Why do we do the transformation of the variable in this proof for Poisson distribution?

Question

I have 2 questions related to this question.

1. Why do we do the transformation for $i$ to $j$ in the form of $i = j+1$ in the 4th line of the equation? It seems to me here like it is either done so that we can get the equation back to original Poisson form with a different variable or to correct for the summation interval. I still cannot intuitively understand it.
2. In the 6th line, it is written as $\lambda\operatorname E((X+1)^{n-1}).$ But I feel like it should be $\lambda\operatorname E((Y+1)^{n-1})$ because did we not transform the variable in the 4th line of the equation

Answer 1

1. It's to get back the Poisson form. The second equality comes from noticing you don't need the $i=0$ term because it's zero. The fourth inequality comes from relabelling to get back the Poisson form in $j$ instead of $i$

2. Yes, but no, but it doesn't matter.

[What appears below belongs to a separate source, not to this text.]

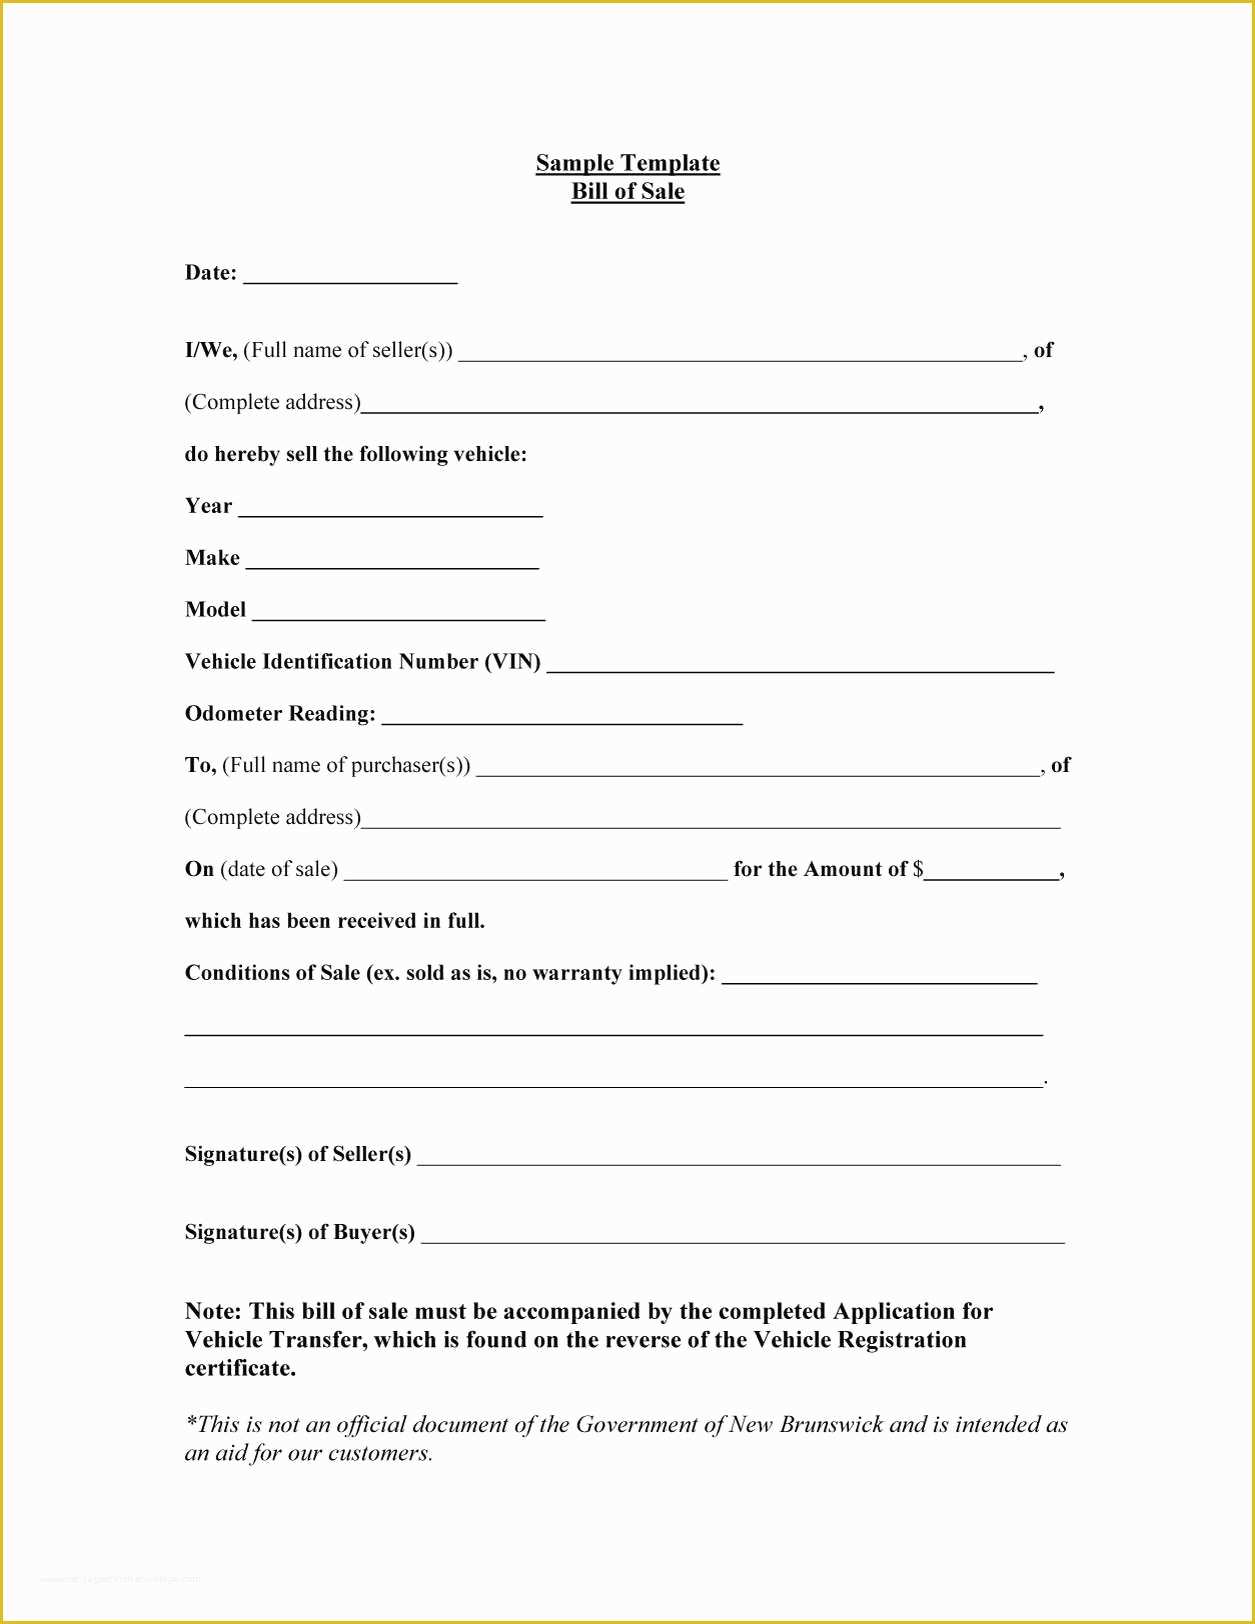 free-vehicle-bill-of-sale-template-of-46-fee-printable-bill-of-sale

The last equality goes from a sum over $j$ to the expectation of a Poisson random variable, and it would be true for any Poisson($\lambda$) random variable; it only depends on the distribution. That is the equality of $E[X^n]$ and $\lambda E[(X+1)^{n+1}]$ doesn't depend on whether $X$ is the same variable in the two expressions. Because it doesn't, you might award math points for using a different letter ($Y$) in the two expressions, even though it doesn't matter. However, the fourth equality holds exactly because $i$ and $j+1$ are always the same, so in fact the two $X$s are the same random variable even though we don't need that fact, so actually you might award math points for calling them both $X$.